The prolific Kawase Hasui (1883-1957) was most well-known for his beautiful landscape prints, working with Watanabe to produce over six hundred scenes.[1] Study of his early landscapes show a tendency to romanticize and abstract scenes of the countryside, often casting them in rain or twilight, or placing a small figure within a monumental landscape.[2] Hasui would go on sketching tours of the Japanese countryside, drawing scenic places that just recently had begun to be thought of as possible artistic themes.

Hasui’s Suhara, Kiso (fig. 3) is exemplary of these ideals. Underneath looming mountains in the background, a small village is deluged with rain, likely during the evening. A road cuts between the buildings, and a tiny figure can be seen near the end of it, perhaps holding an umbrella to shield themself from the rain. There are two lights on in the windows of two houses, and the light reflects on the wet street. The yellow of these lights attract the eye to the figure and the buildings, which are clearly meant to be the focal point. The trees in the foreground seem to be bent over with the force of the wind and rain. The color palette is dark and heavy, mostly a mix of dark greens, blues, and grays. The insignificance of the figure in comparison with the landscape and the sheer force of the weather – indicated by the diagonal, slightly curved lines representing rain that draw the eye down across the image – truly demonstrates Hasui’s desire to romanticize the magnificence of the countryside.

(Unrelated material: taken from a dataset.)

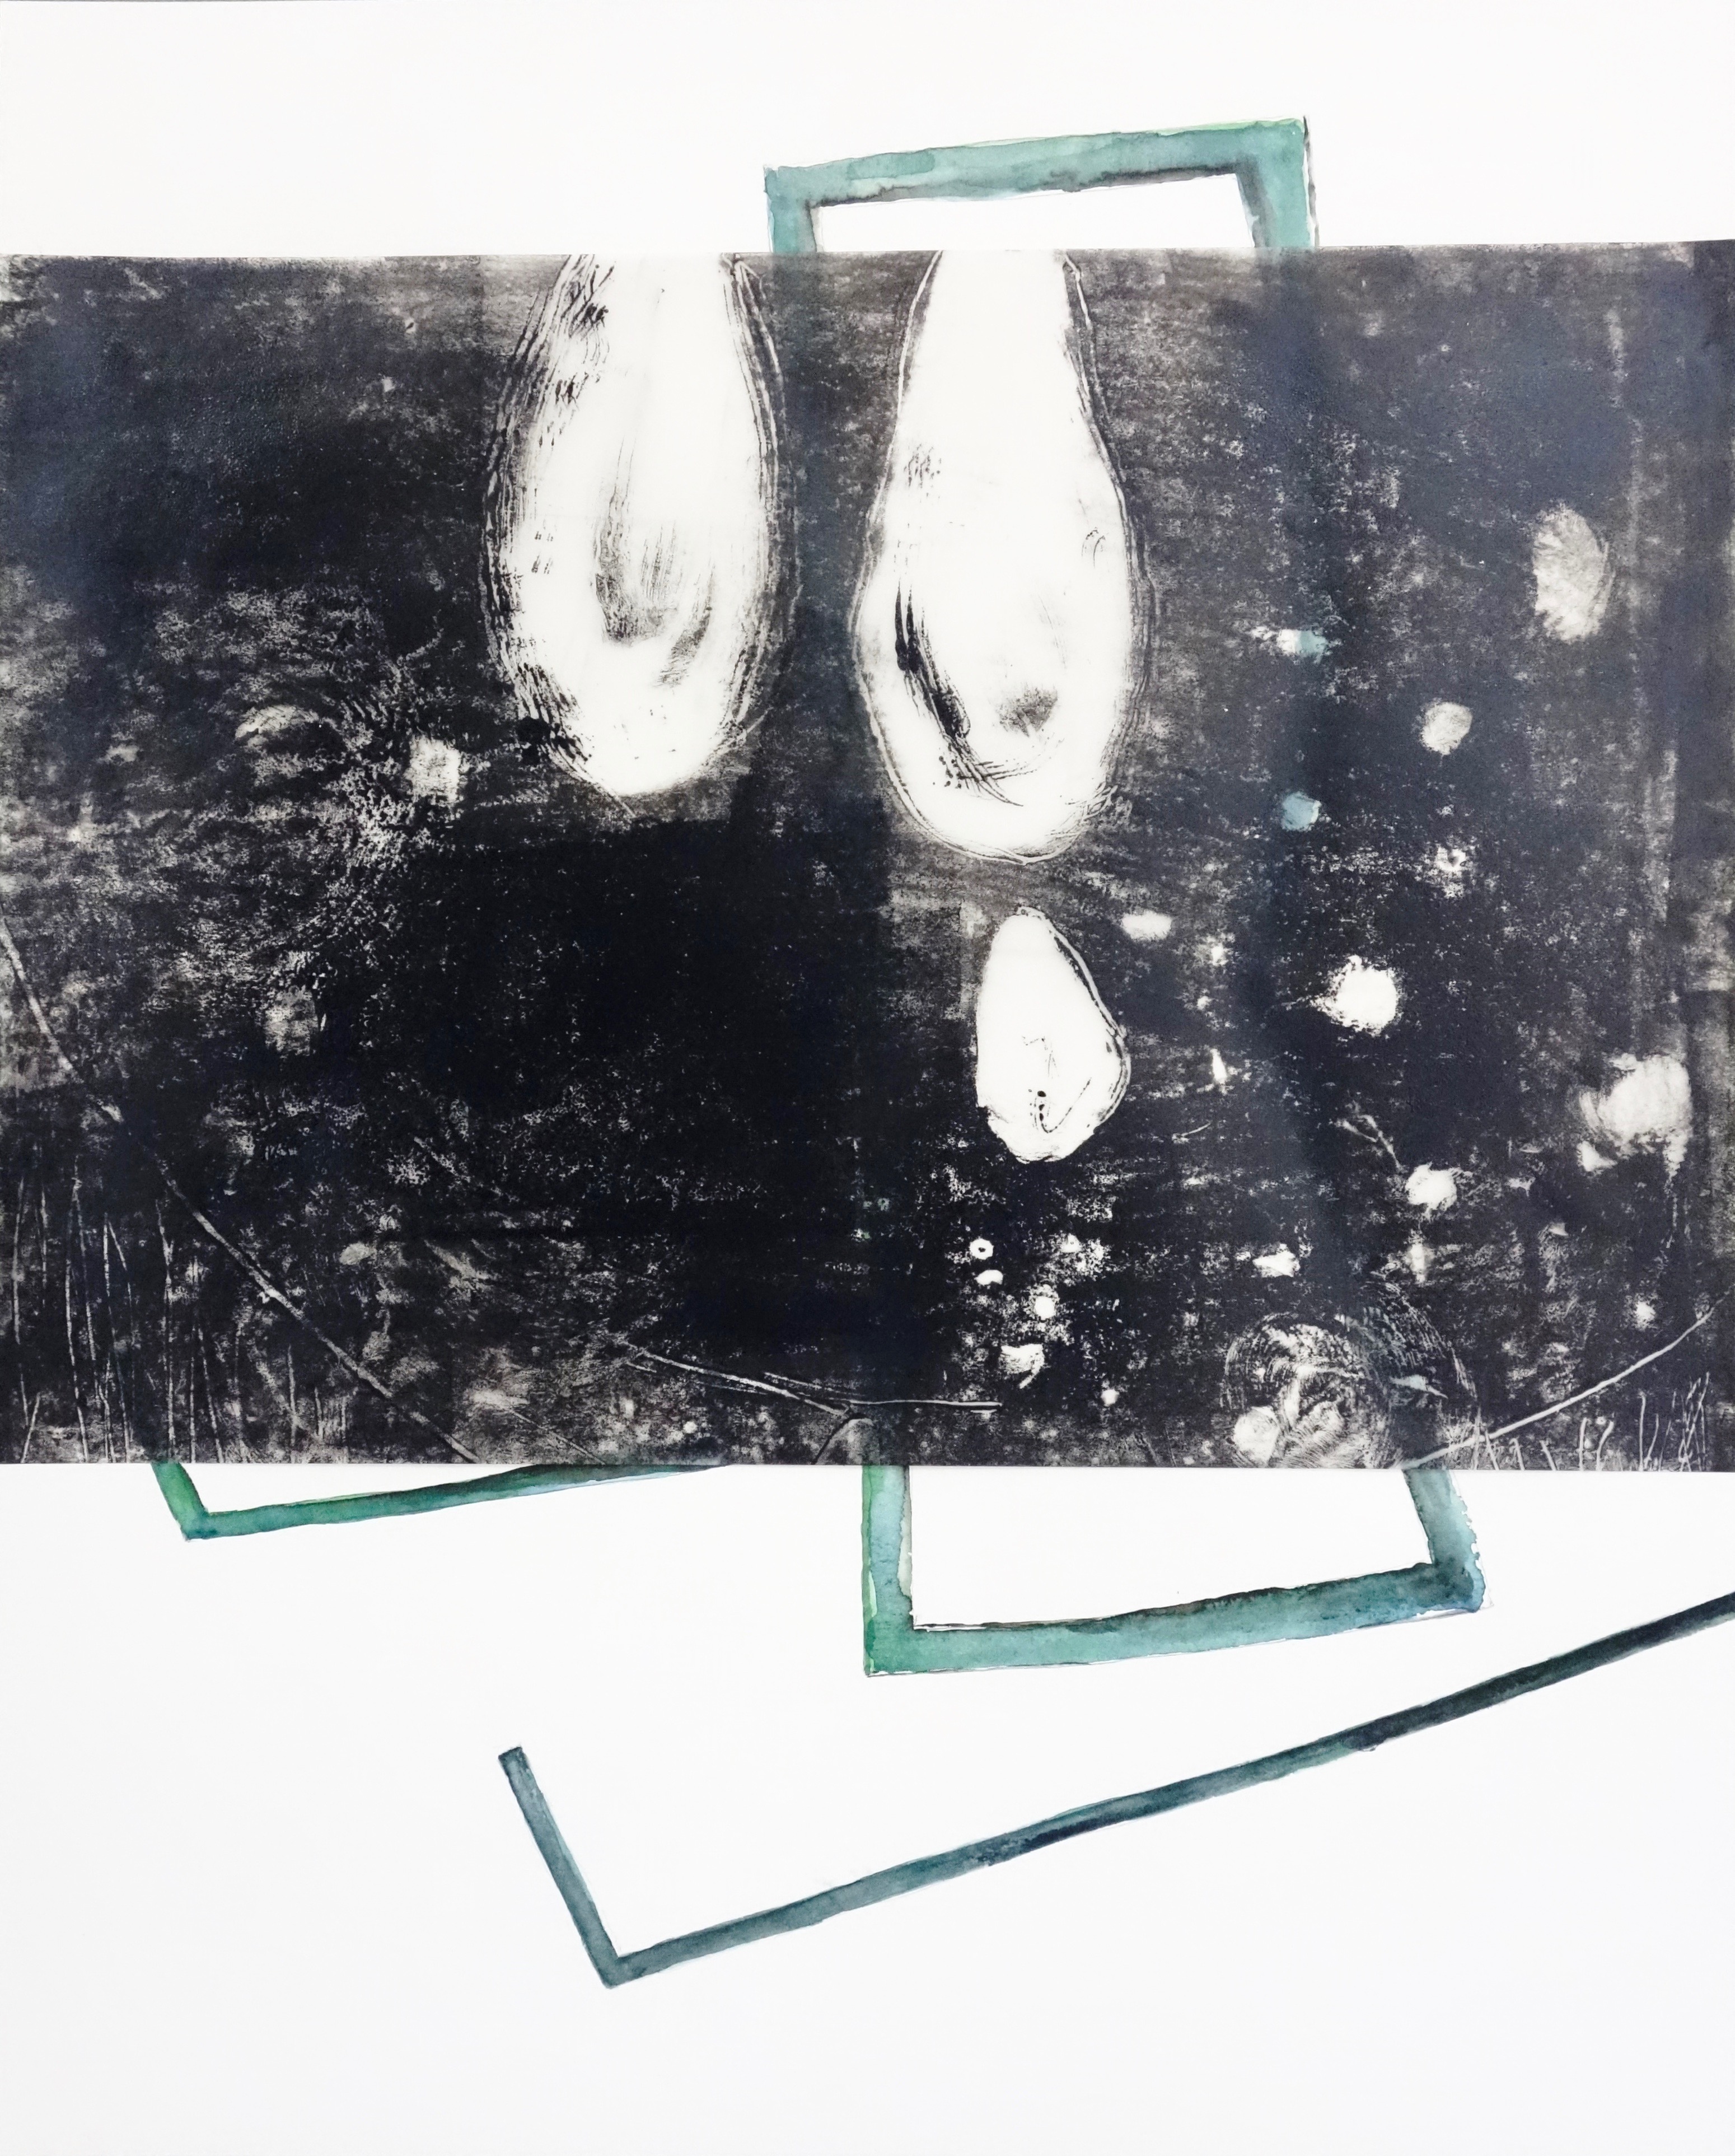 Versch. Materialien auf Papier und Transparentpapier, 2021, 50 x 40 cm

Mount Unzen, Hizen (fig. 4), created three years later, is beautifully vibrant. Mount Unzen overlooks a pristine lake upon which three boats are floating. Slender trees line the foreground, slightly obscuring the view of the lake, while clouds hover in the distance behind the mountains. In reality, Mount Unzen is a group of active composite volcanos, though there is nothing in this print that indicates the destructive force that lurks beneath the surface. The colors are perfectly registered, with gradients of blue in both the sky and the lake. The reddish brown of the mountaintops draws the eye upwards to the top of the print. The viewer’s eye is then directed horizontally across the print, following the movement of the wispy clouds that hang in the air in front of the mountains.
 
[1] Helen Merritt, Modern Japanese Woodblock Prints: The Early Years (Honolulu: University of Hawaii Press, 1990), 54.
 
[2] Kendall Brown and Hollis Goodall-Cristante, Shin-hanga: New Prints in Modern Japan (Los Angeles: Los Angeles County Museum of Art, 1996), 19.